Wesfarmers’ Richard Goyder demands tax cuts to save jobs
Wesfarmers chief executive Richard Goyder has backed calls for bigger cuts to the corporate tax rate, amid concerns that living standards and jobs could be at risk if Australia continues to fall behind Asia and the developed world in attracting big business.
The 30 per cent rate has not changed in 14 years and is now higher than the 24 per cent average of members of the Organisation for Economic Co-operation and Development (OECD).
Mr Goyder – chairman of the B20 advisory group – said our economic credentials were risked by not being more competitive on tax.
“If Australia’s tax rate is uncompetitive – and it’s increasingly uncompetitive – then capital will flow to other markets and we won’t get the investment in productive assets that will improve economic growth and the creation of jobs and wealth in Australia,” he told the Nine Network’s Financial Review Sunday.
Mr Goyder said although the majority of Wesfarmers’ business was local, the company would need to look offshore if it was to continue to grow.
“The jurisdictions offshore that will be attractive to us will be ones where there’s economic growth and an attractive investment criteria around tax rates,” said Mr Goyder.
Former Coles boss Ian McLeod, who will soon take up a new strategic role at Wesfarmers, has previously indicated that expanding offshore is an option for the company.
Tax experts and business groups claim that a higher comparative corporate tax rate is to blame for more money going offshore. It is estimated that $18 billion is going to low-tax jurisdictions in company trade activities, including profits and tax, according to the Australian Taxation Office (ATO).

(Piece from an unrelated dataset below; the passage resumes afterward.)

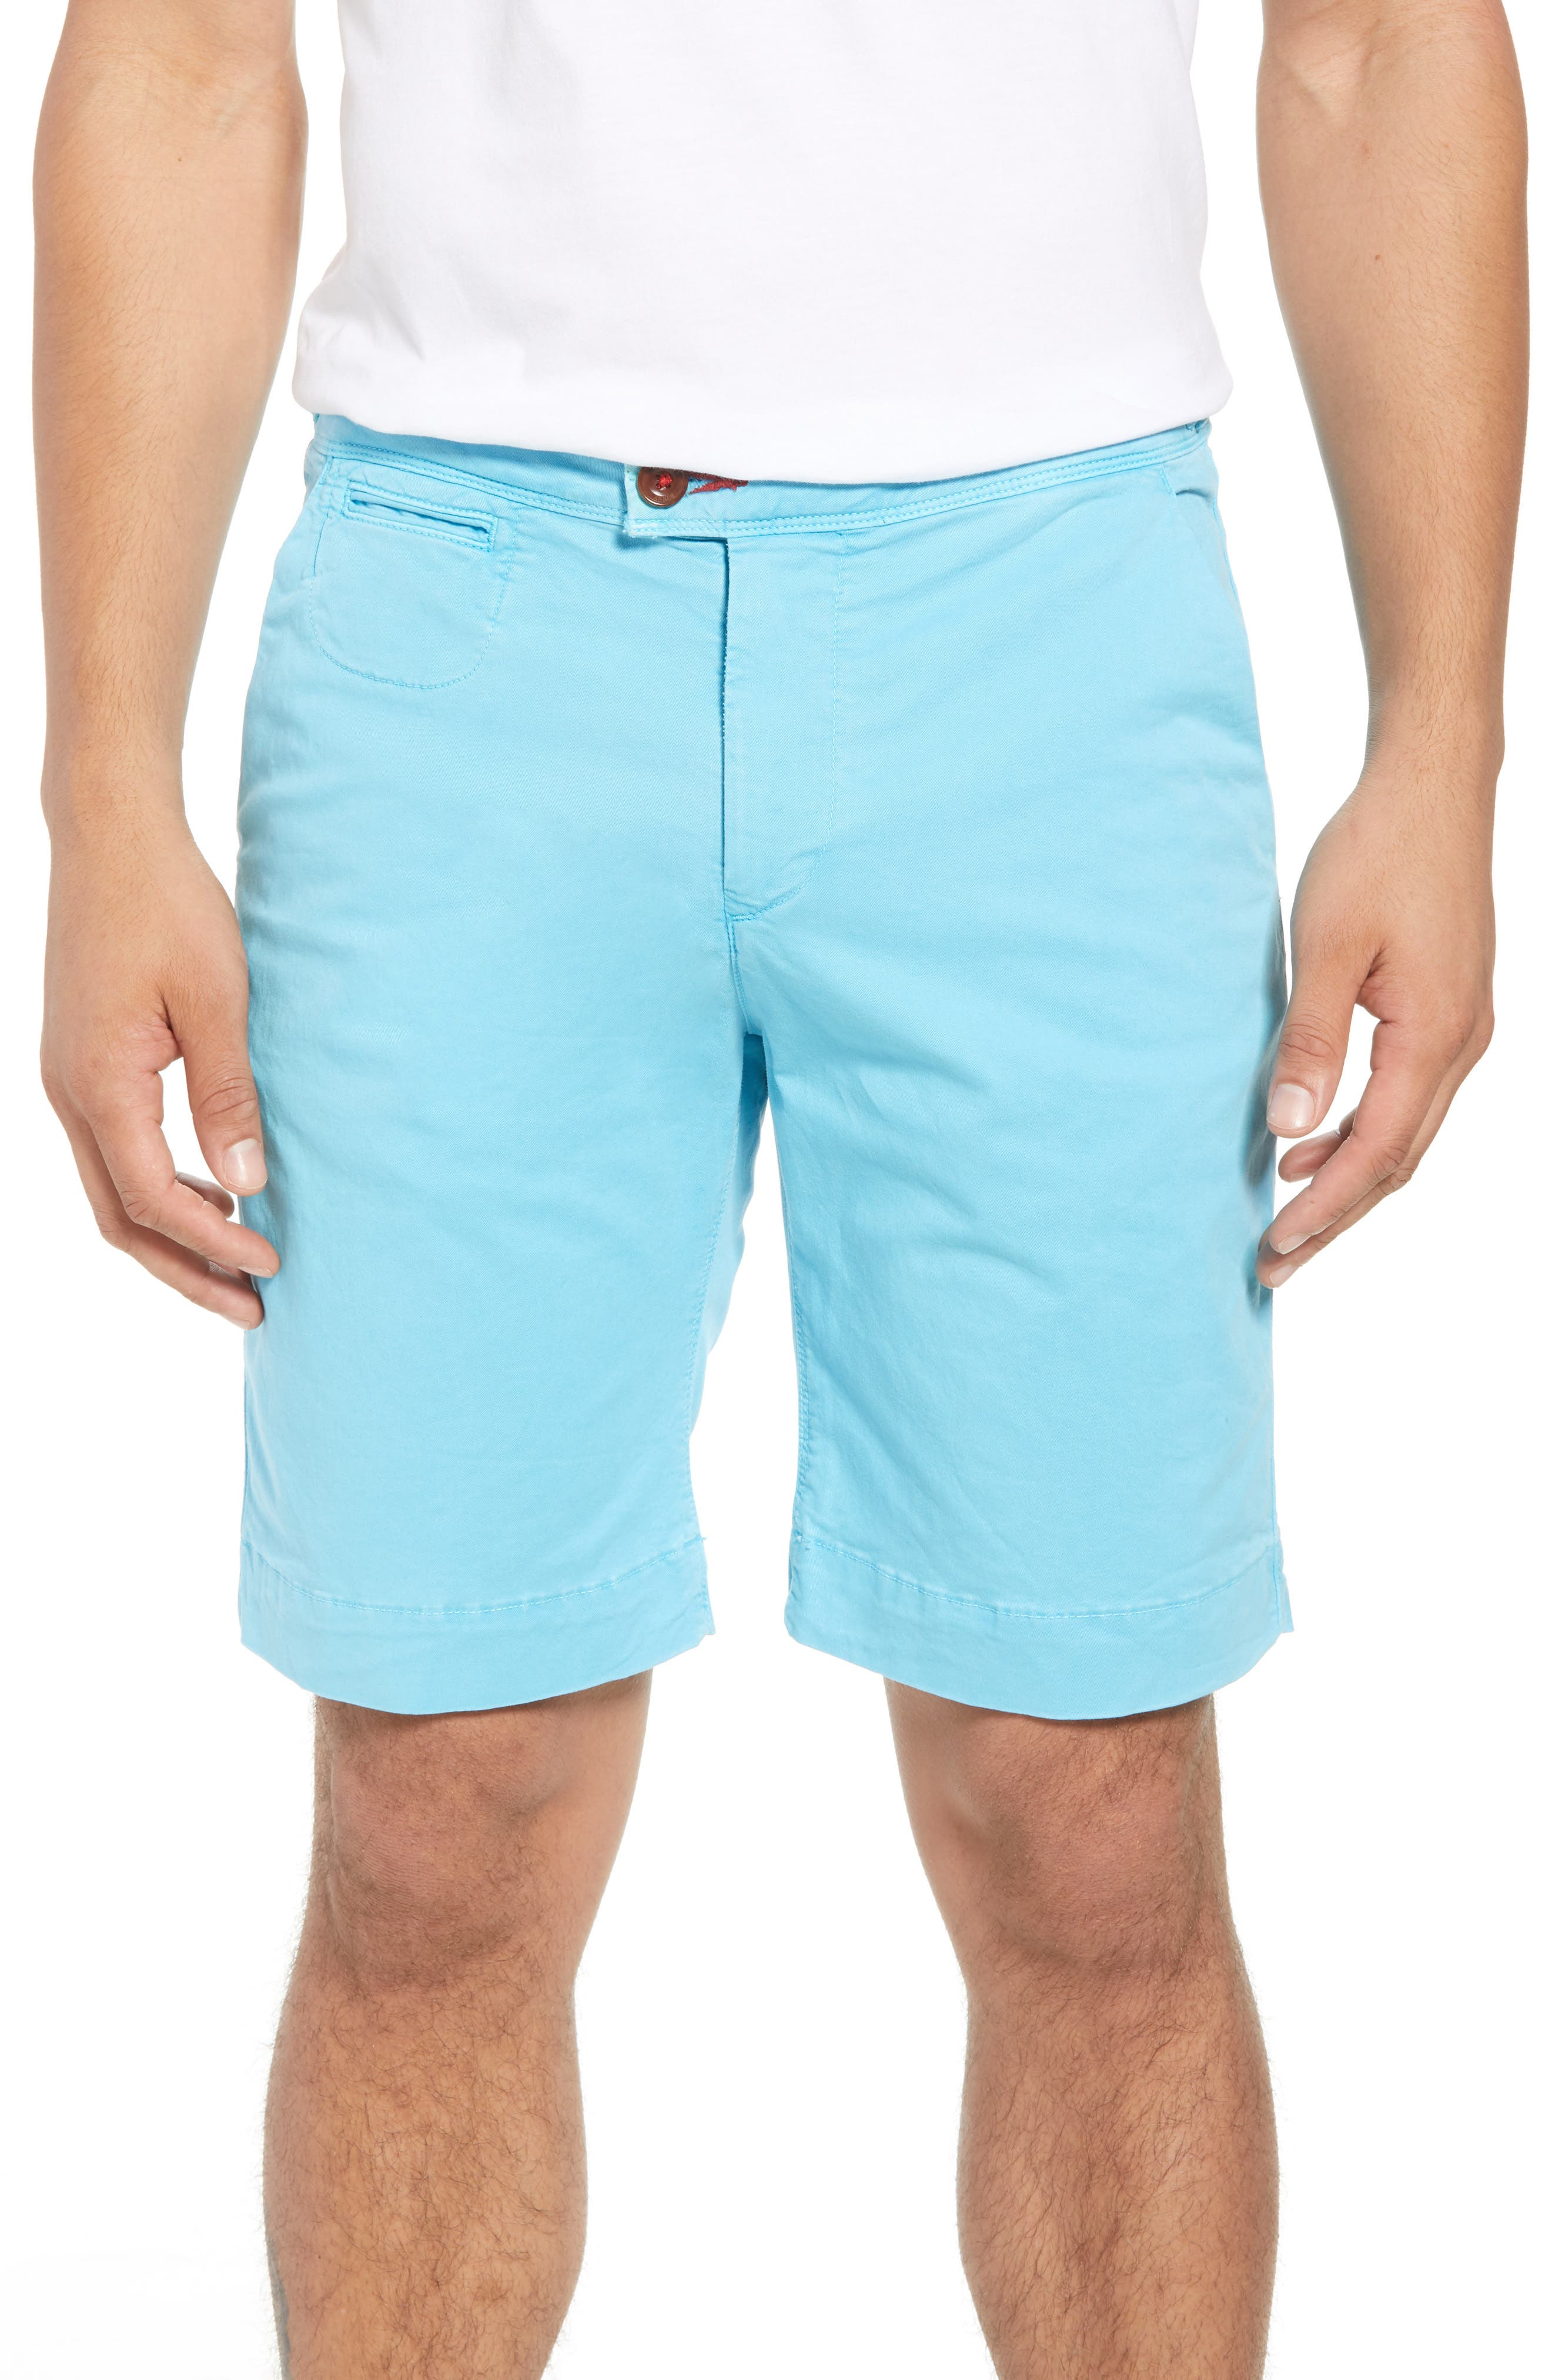 Triumph Shorts,                             Main thumbnail 9, color,

‘WE ARE GOING TO HAVE DECLINING LIVING STANDARDS’
KPMG tax partner Grant Wardell-Johnson said Australia needed to keep up with the rest of Asia, because more companies were choosing to do business in low-tax jurisdictions like Singapore, with a company tax rate of 17 per cent, and Hong Kong, where the rate is 16.5 per cent. “Unless we get some of that action [in Asia], we are going to have declining living standards, and important to that is a lower corporate tax rate,” Mr Wardell-Johnson said.
“I can’t quantify how much money doesn’t come into Australia because of our corporate tax rate, how much private equity says, ‘No we won’t locate here we will locate in Hong Kong because of the differential.’ I can’t put numbers on that, but I do know one thing – it is significant now and it will be significant going forward.”
The Tax Institute’s senior tax counsel, Robert Jeremenko, said Australia needed to lower the corporate tax rate to 25 per cent, in line with recommendations previously made in the 2010 Henry Tax Review. “Australia should be looking at getting the company tax rate down to 25 per cent, somewhere around that order, and that will still leave us very high compared to our similarly sized OECD competitors.”
The government will cut the corporate tax rate to 28.5 per cent next year, but this will be offset by the 1.5 per cent parental leave levy.
Concerns have also been raised that lowering the corporate tax rate would reduce the value of retained franking credits by 7 per cent.
Lowering the corporate tax rate and cracking down on offshore tax avoidance will be high on the agenda this year at the G20 meeting in Brisbane.
An ATO deputy commissioner, Mark Konza, said global tax authorities are monitoring offshore expansions.
“If you’re actually going to a low-tax jurisdiction and you’re actually carrying out the economic activity that you claim you are doing, then that is what we call tax competition and that is legitimate,” he said. “But what we tend to find is instances where people say they are carrying out an economic activity in a jurisdiction, but we have doubts as to whether that is really [being carried] out, or at least to that extent.”